▸ EXERCISE DESCRIPTION
Please print, exactly, only the lines in the entries below from the line that has "bhe bautista recommends" through the line that has "Juno Semi Expanded Italic image". Pictures don't go in.

▸ ENTRIES SUPPLIED

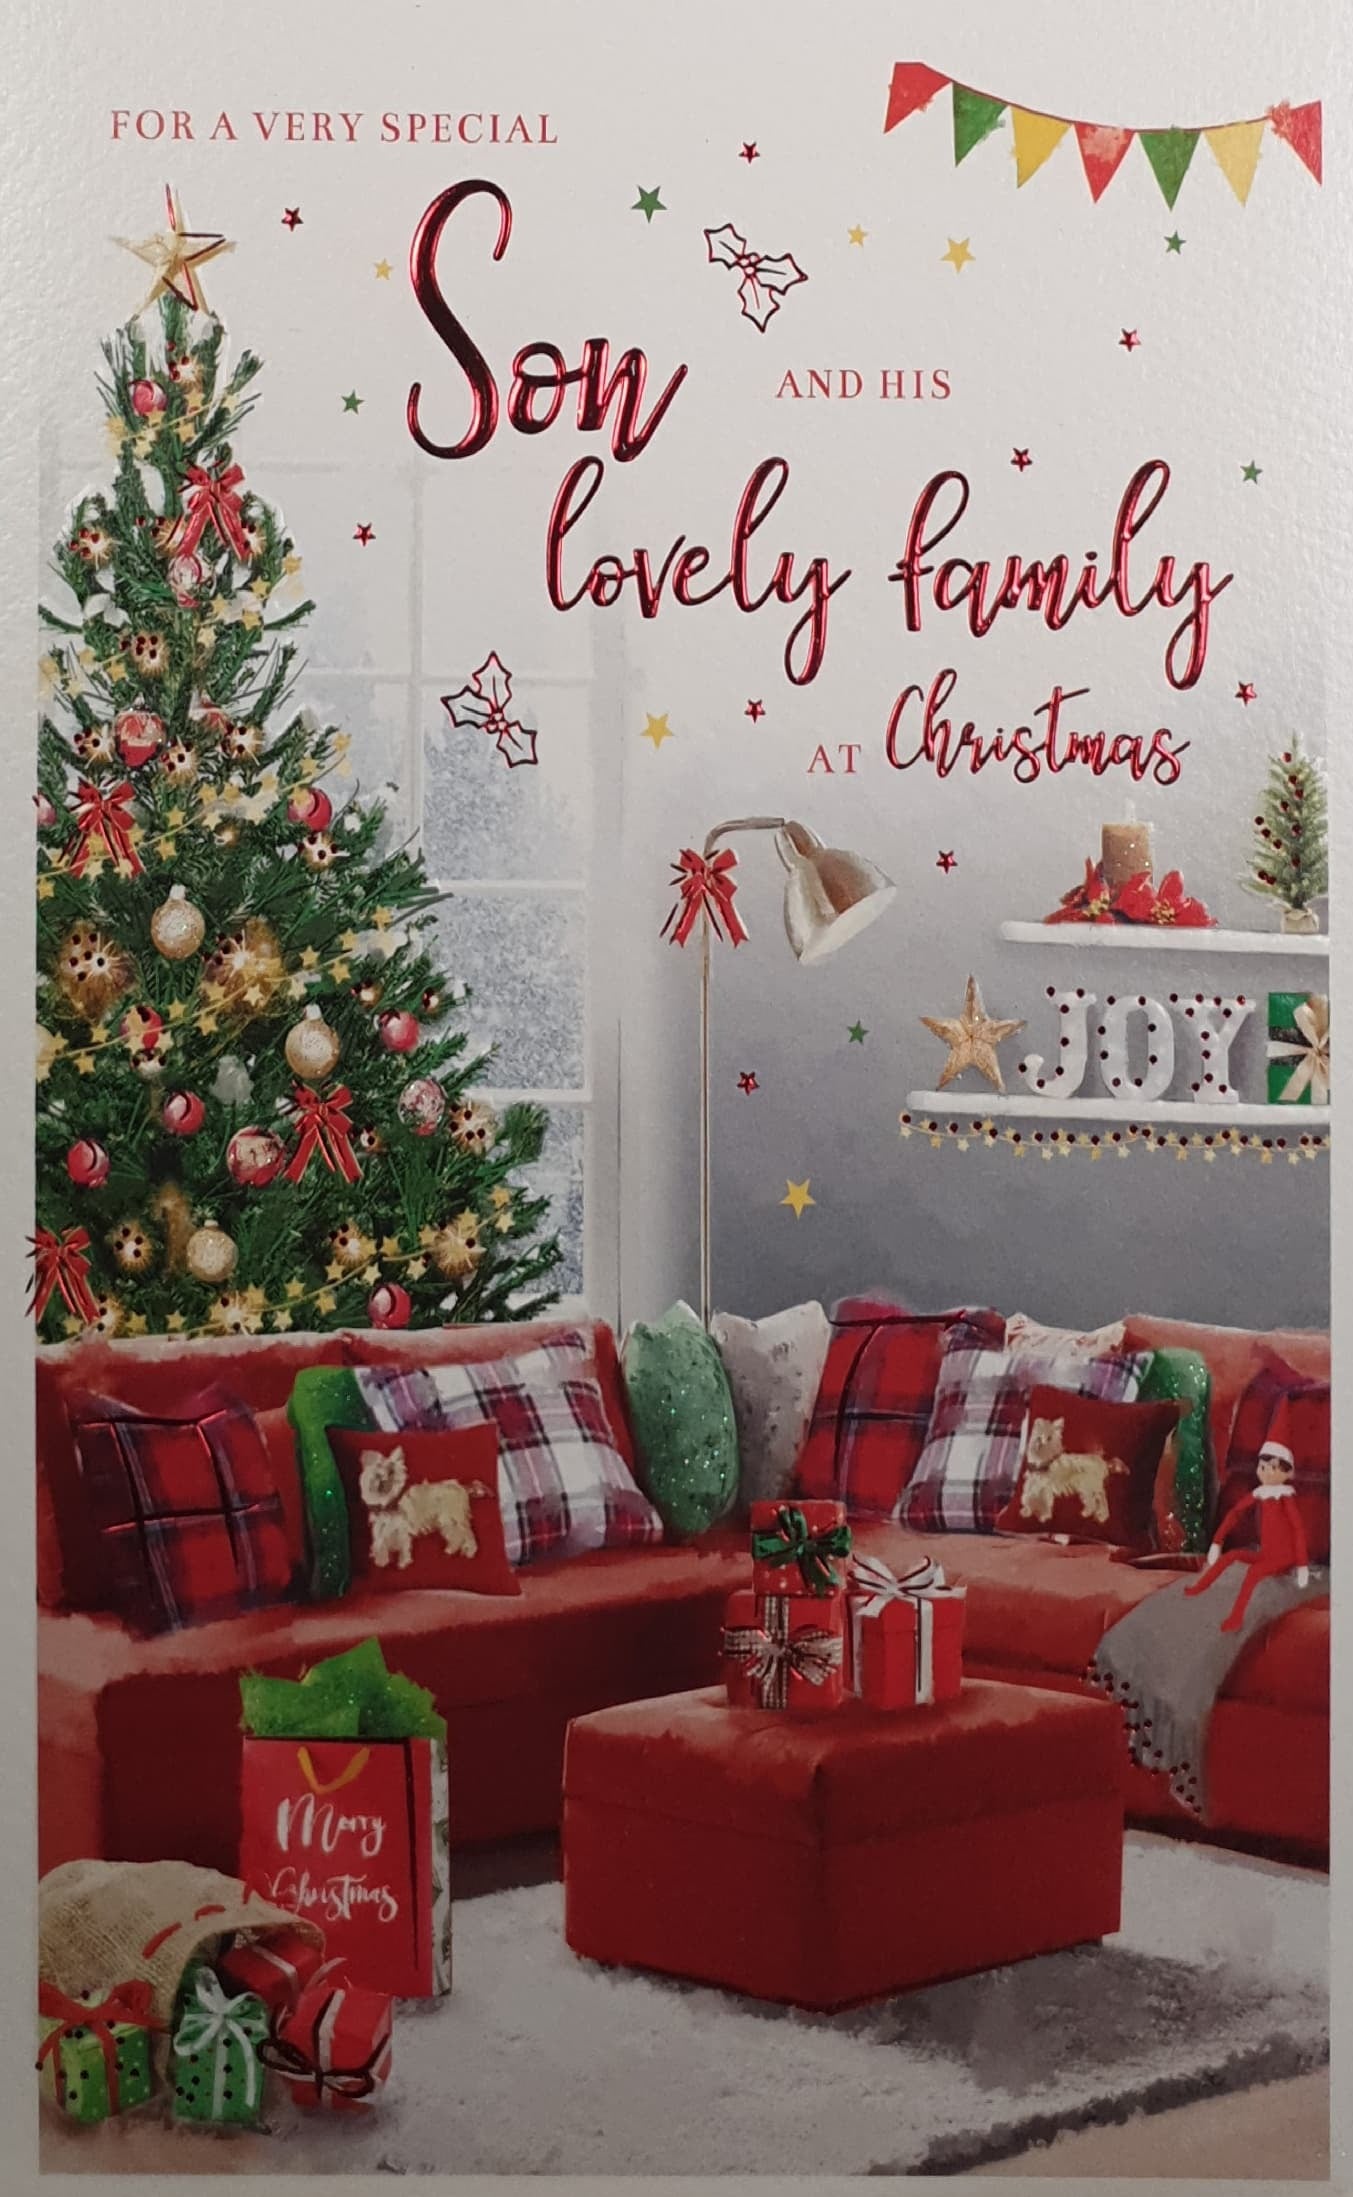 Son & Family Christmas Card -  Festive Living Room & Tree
==
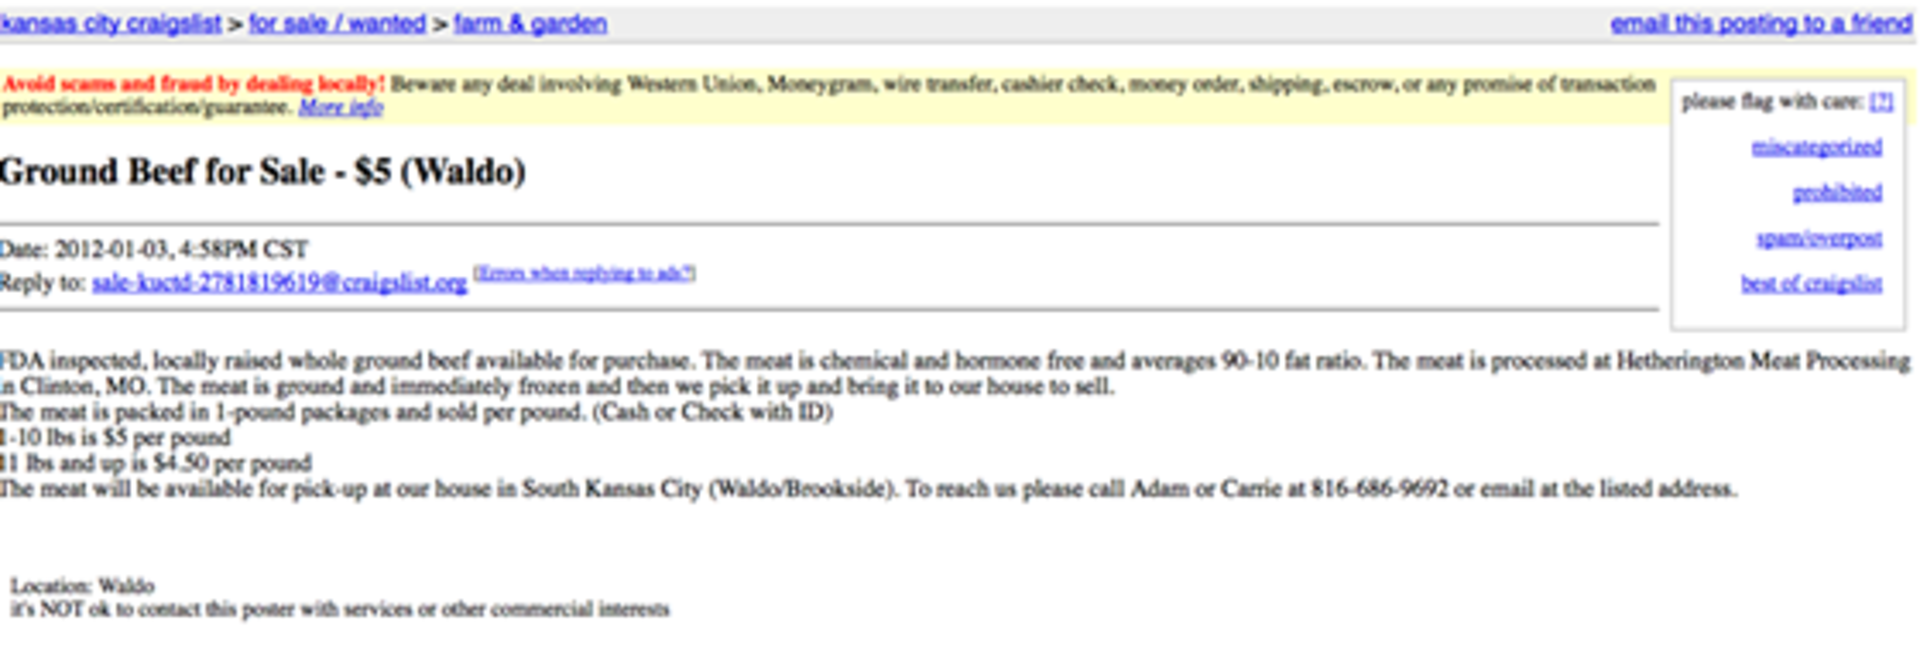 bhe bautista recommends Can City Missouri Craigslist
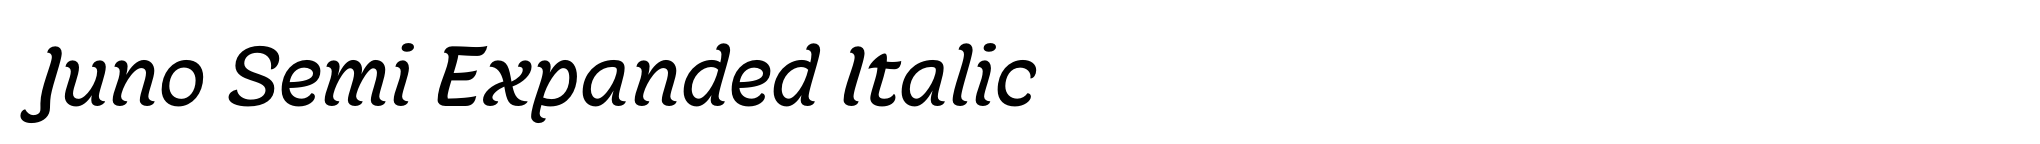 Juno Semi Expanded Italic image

▸ PROBLEM SOLUTION
 bhe bautista recommends Can City Missouri Craigslist
 Juno Semi Expanded Italic image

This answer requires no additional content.